How to improve bulk indexing of huge amount of docs


(Rohanil Raje) #1

Currently, I am using Elasticsearch 5.6 as a data store for my go application. I have a million documents spread in 12 indices. Each index has 5 shards and 2 replicas and they all are running on 4 nodes. First, I load those docs from Elasticsearch and then process them and then index them in bulk with 10000 docs/batch rate. I run 3 workers which have one async goroutine per worker at a time. Those goroutines are per index so they send bulk index requests per index. That means a worker sends around 100,000 docs in a goroutine. The docs are sent in batches, each goroutine sends almost 10 batches. This entire stuff takes more than a minute. Most of the time is taken in bulk indexing.
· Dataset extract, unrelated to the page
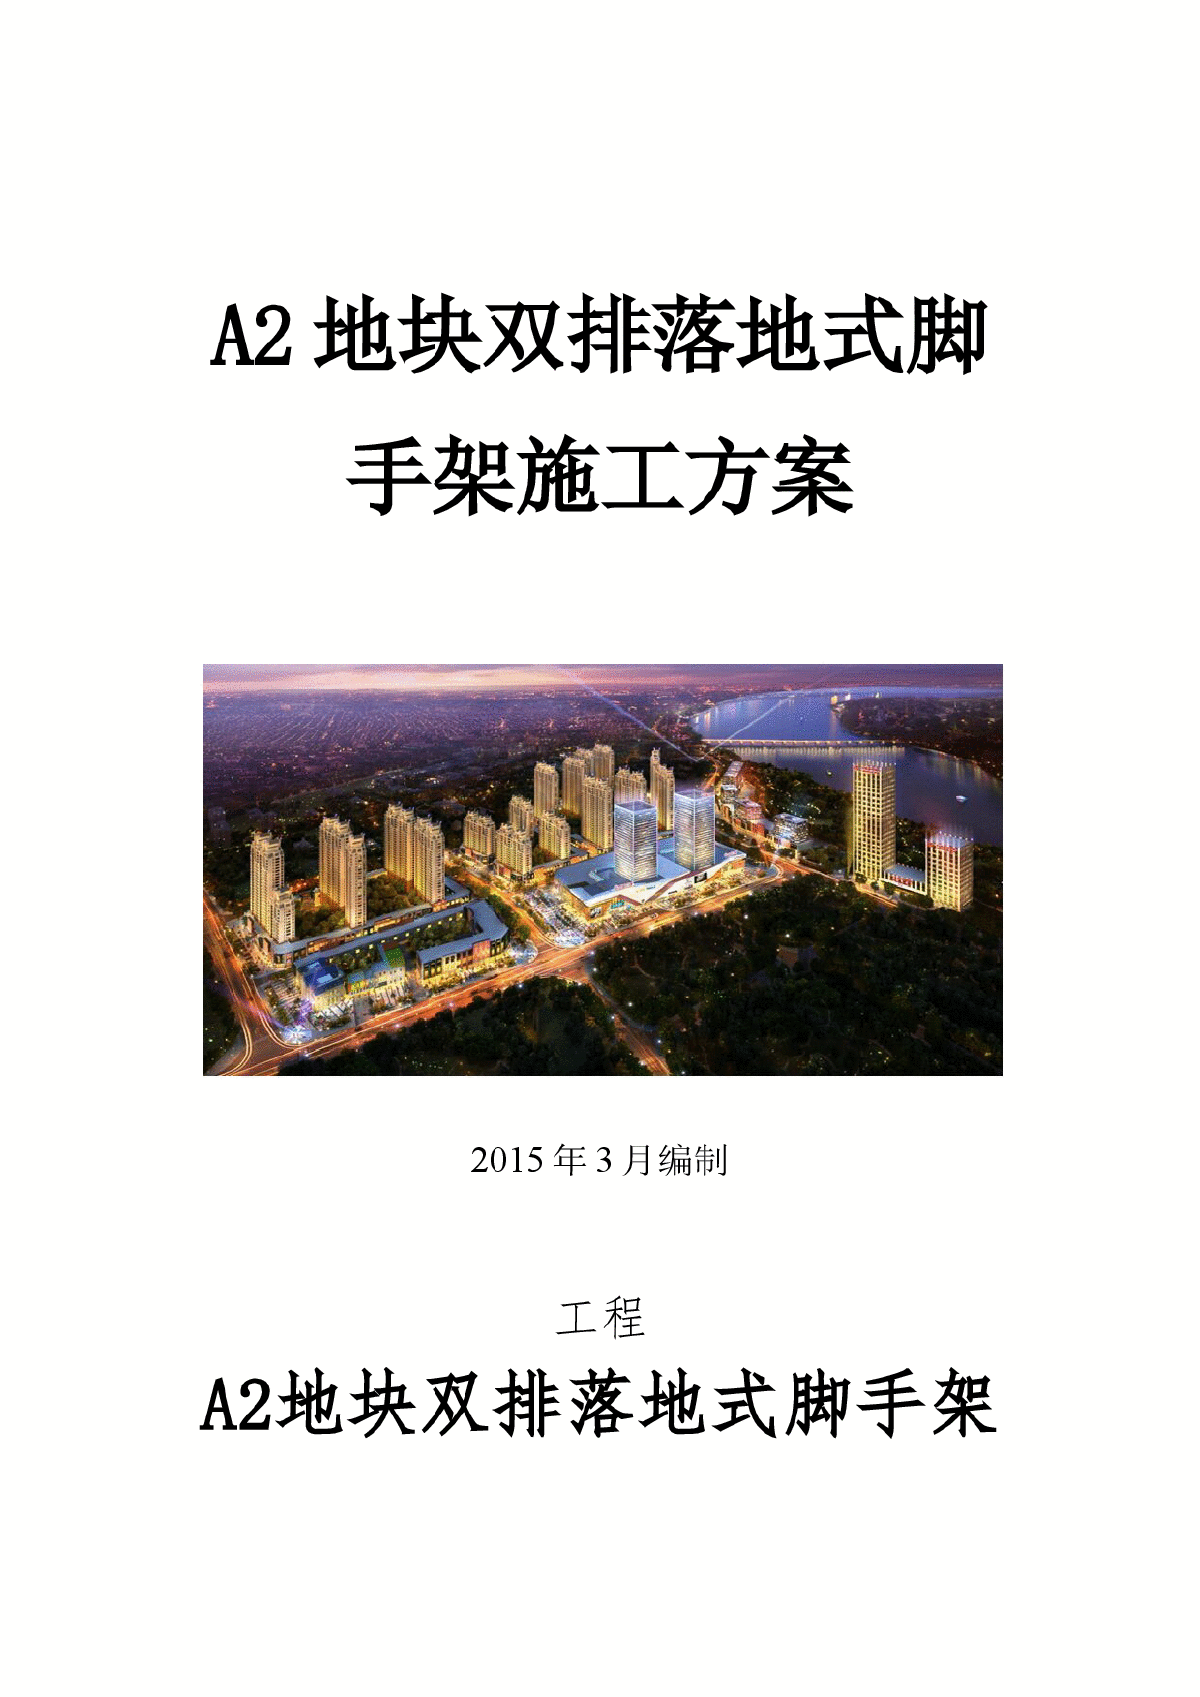 [江苏]框剪结构住宅楼工程脚手架工程施工方案

My current Elasticsearch is running with 6GB RAM and 3.5GB heap size. I tried to tune Elasticsearch to improve indexing speed by increasing index buffer size to 20% ie. 700MB. I disabled indexing for fields which don't need indexing. I optimised numeric fields types in mappings. I disabled _all field. I changed index codec (compression method) to best_compression. After doing all this, there is not much improvement.

So I would like to get ideas to improve bulk indexing performance to finish all process within a minute. Will it be improved if I add more RAM and heap size to Elasticsearch? Any other settings/tuning?


(system) #2

This topic was automatically closed 28 days after the last reply. New replies are no longer allowed.